Wolnym krokiem ruszyłam w stronę sali od transmutacji, do której dotarłam już po chwili. Weszłam do środka i podeszłam do swojej ławki. Zaczęłam w milczeniu się pakować i czekać, aż wszyscy opuszczą salę, a ja zostanę z nauczycielką. Ostatnia osoba wyszła z sali zamykając za sobą drzwi, a ja podeszłam bliżej biurka McGonagall z torbą na ramieniu. Spojrzałam na kobietę, która wyglądała, jakby próbowała zebrać swoje myśli. Obeszła swoje biurko i stanęla tuz przede mną z poważną miną, która zazwyczaj w moim przypadku zwiastowała kłopoty, którymi był szlaban. Wiedziałam, że mogło się to skończyć znacznie gorzej niż dostanie szlabanu.

- Wyjaśnisz mi w końcu co się dzieje, Lea?- zapytała kobieta, przerywając ciszę.

- Nie potrafię tego wyjaśnić. Po prostu ostatnio coraz częściej źle się czuję, przez co jest mi się ciężej skupić. - odpowiedziałam, patrzac na kobietę z najbardziej pewną miną, jaką byłam w stanie zrobić.- Przepraszam, że sprawiłam trudność w prowadzeniu lekcji.

- Nie przepraszaj mnie, Smith, jeśli nie zrobiłaś nic złego. Zrozum wreszcie, że jestem nauczycielem, a nie wrogiem. Po prostu się o ciebie martwię, bo jeszcze nigdy się tak nie zachowywałaś.
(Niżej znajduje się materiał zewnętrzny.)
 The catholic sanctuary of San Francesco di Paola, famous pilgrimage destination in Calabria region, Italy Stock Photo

- Niech się pani nie przejmuje. Jak tylko zacznę czuć się lepiej, to od razu wrócę do robienia żartów.- zaśmiałam się, a na twarzy profesorki zobaczyłam chwilową panikę, jakby zdała sobie sprawę, że jednak spokój z mojej strony nie jest takim złym wyjściem.

- Wiesz co, Lea? Jednak nie widzę problemu w twoim zachowaniu. Wydaje mi się, że nie zmieniło się zupełnie nic. Możesz już iść.
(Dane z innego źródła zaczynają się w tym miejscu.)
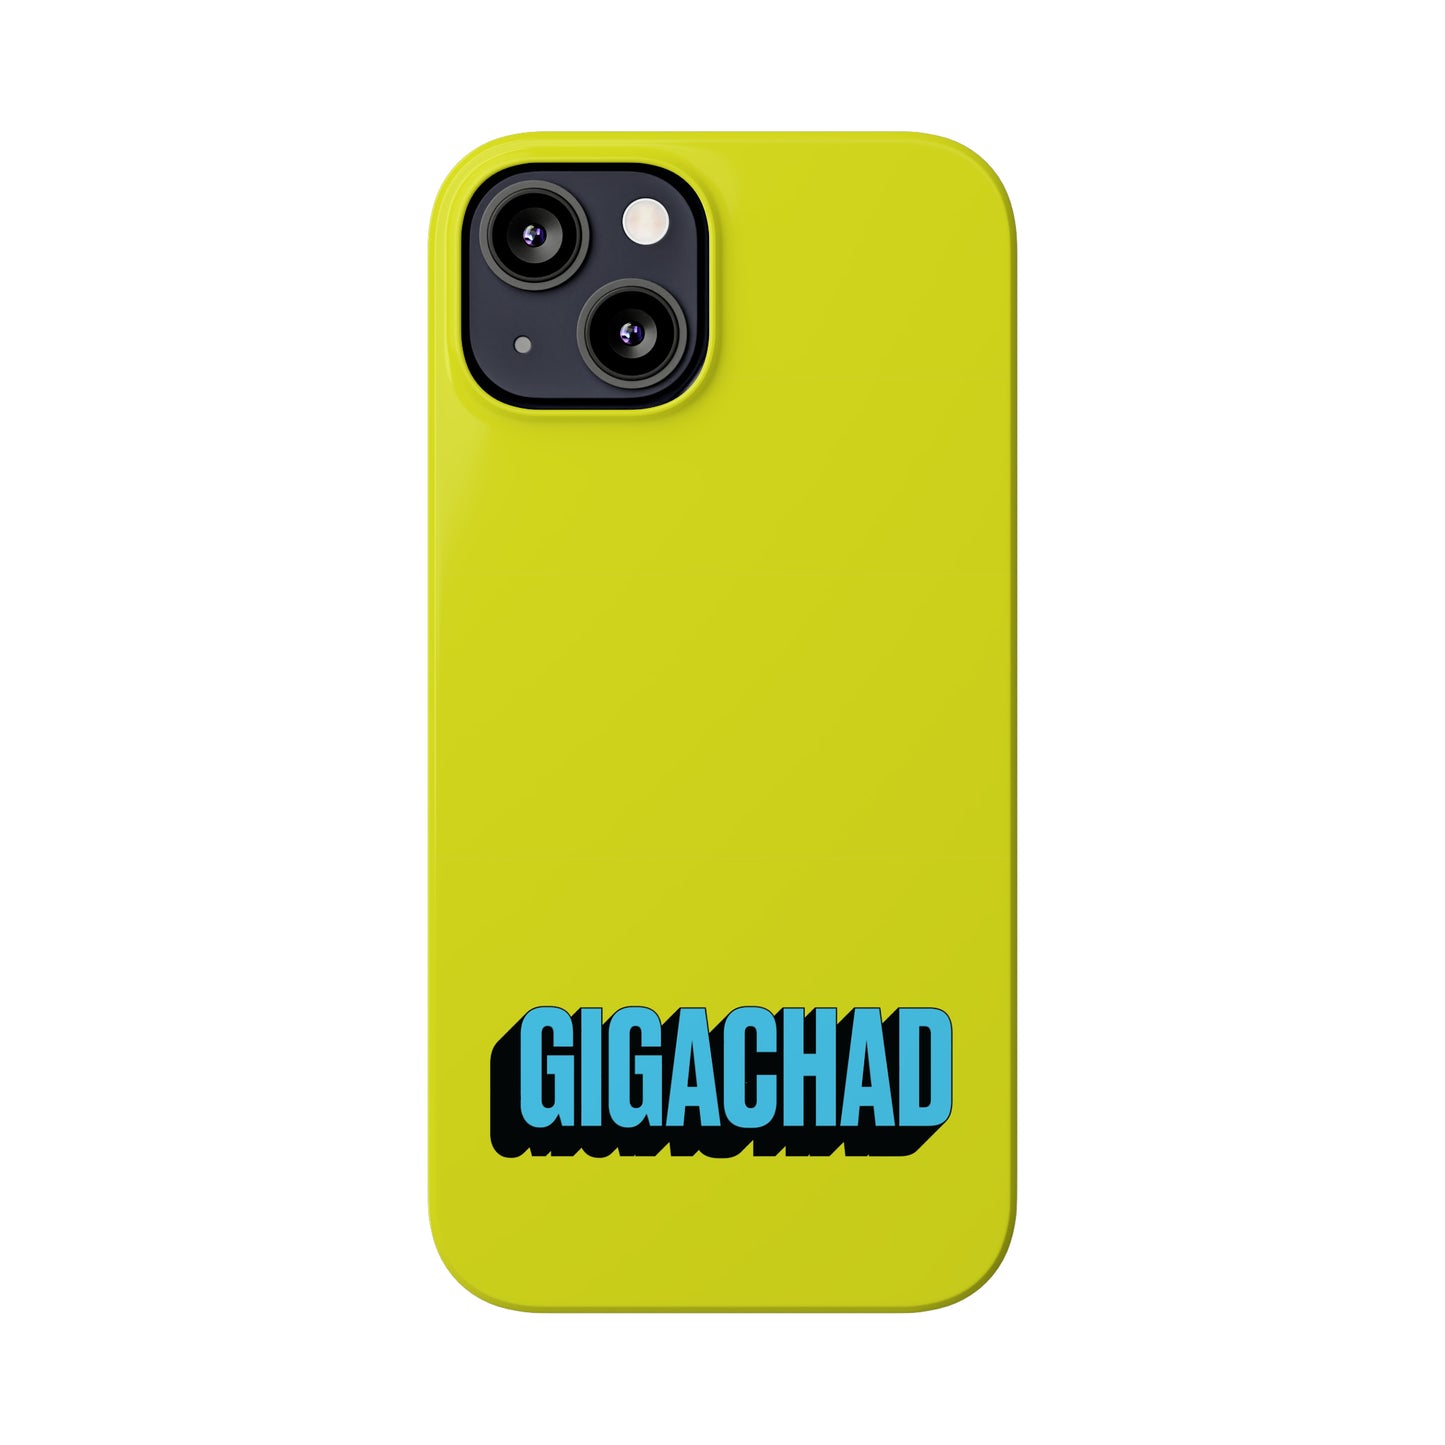 Gigachad | SYCU | Phone Cases

Zaśmiałam się po raz kolejny i ruszyłam w stronę wyjścia, aby już po chwili znaleźć się na niemalże pustym korytarzu. Bez nawet chwili myślenia ruszyłam w stronę dormitorium, gdzie powinno być już większość uczniów. Przez całą drogę powtarzałam sobie, że będę musiała w przyszłości zachować więcej uwagii, aby po raz kolejny nie podpaść jakiemuś nauczycielowi. Wiedziałam, że przez przynajmniej kilka tygodni nie mogłam narażać się, aby nikt, nawet przypadkiem, nie odkrył prawdy.